Saturday Beefcake: Main Course


Once again the culinary treasures of Puglia are looted from the June/July 2003 issue of Italian Cooking and Living with a recipe requiring stuffing and stuffing, as you dear reader well know is a favourite pastime in these parts.
Stuffed Squid




Squid, one kilo, cleaned and separated into tentacles and bodies; choose squid about 4 to 5 inches long (not including tentacles) for this recipe.
Bread Crumbs, one half cup
Chopped parsley, two tablespoons
Garlic, one clove, minced
Extra Virgin Olive Oil, one half cup
Sea salt [or kosher salt]
Black pepper, freshly ground
Oven Pre-heated 350F



1. Finely chop the squid tentacles, and place them in a food processor.
2. Add the bread crumbs, parsley, garlic and olive oil.
3. Process until a smooth filling forms, adding more olive oil if it is too dry.
4. Season with salt and pepper.
5. Spoon the filling into the squid bodies, then close the open end with a toothpick.
6. In a large ovenproof skillet over medium high heat heat about two tablespoons of the olive oil
7. Add the squid; brown it in the olive oil; four minutes or so.
8. Place the skillet in the oven and bake for about 30 minutes; until tender.
9. Plate the squid individually or on a large plate on a bed of lettuce.
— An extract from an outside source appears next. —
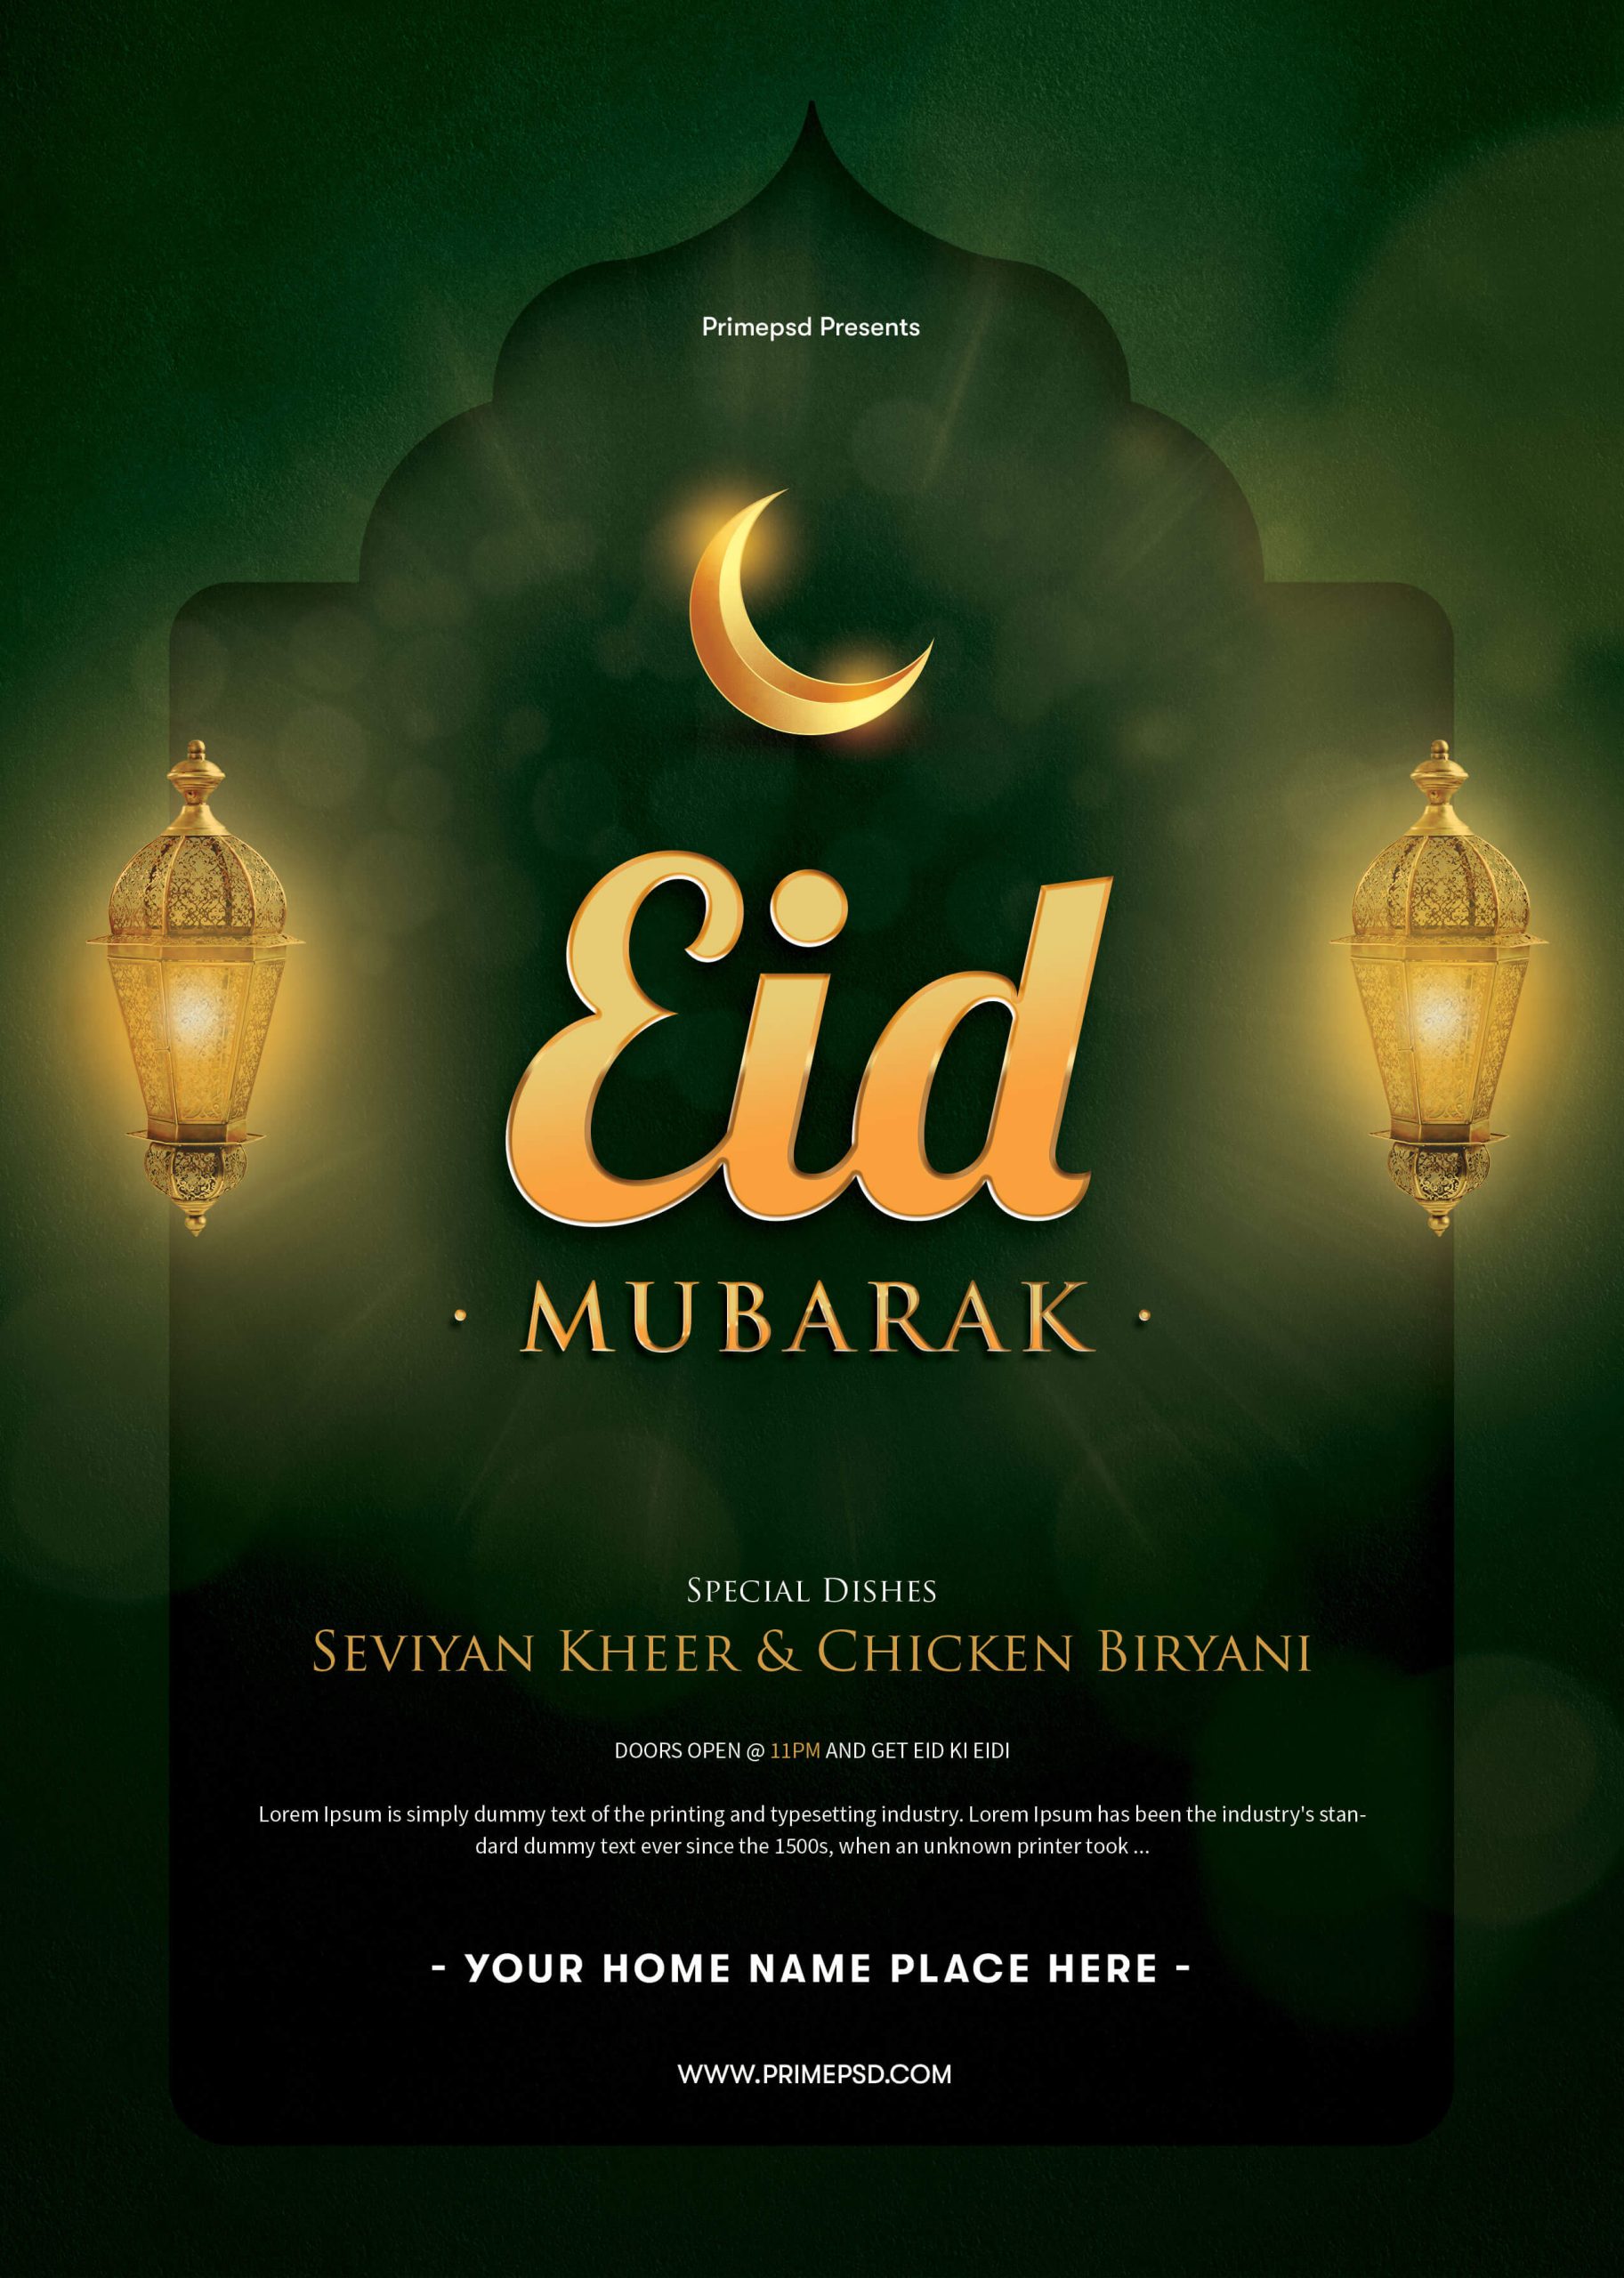 Eid mubarak, Eid mubarak flyer, Eid mubarak flyer psd, Eid mubarak free, Eid mubarak free flyer, primepsd, eid flyer psd, creative design, creative eid mubarak flyer, eid mubarak flyer green

Squid is an especially versatile source of protein which responds well to its surrounding flavours.




Side dishes nothwithstanding--a green salad does very well or research our archives for a simple broccoli di rape recipe. Mario Batali's is excellent, simple and tasty.



And speaking of side dishes and stuffing, the photos chosen are those of young men who know a lot about filling, viz. filling out a swimsuit or gym shorts.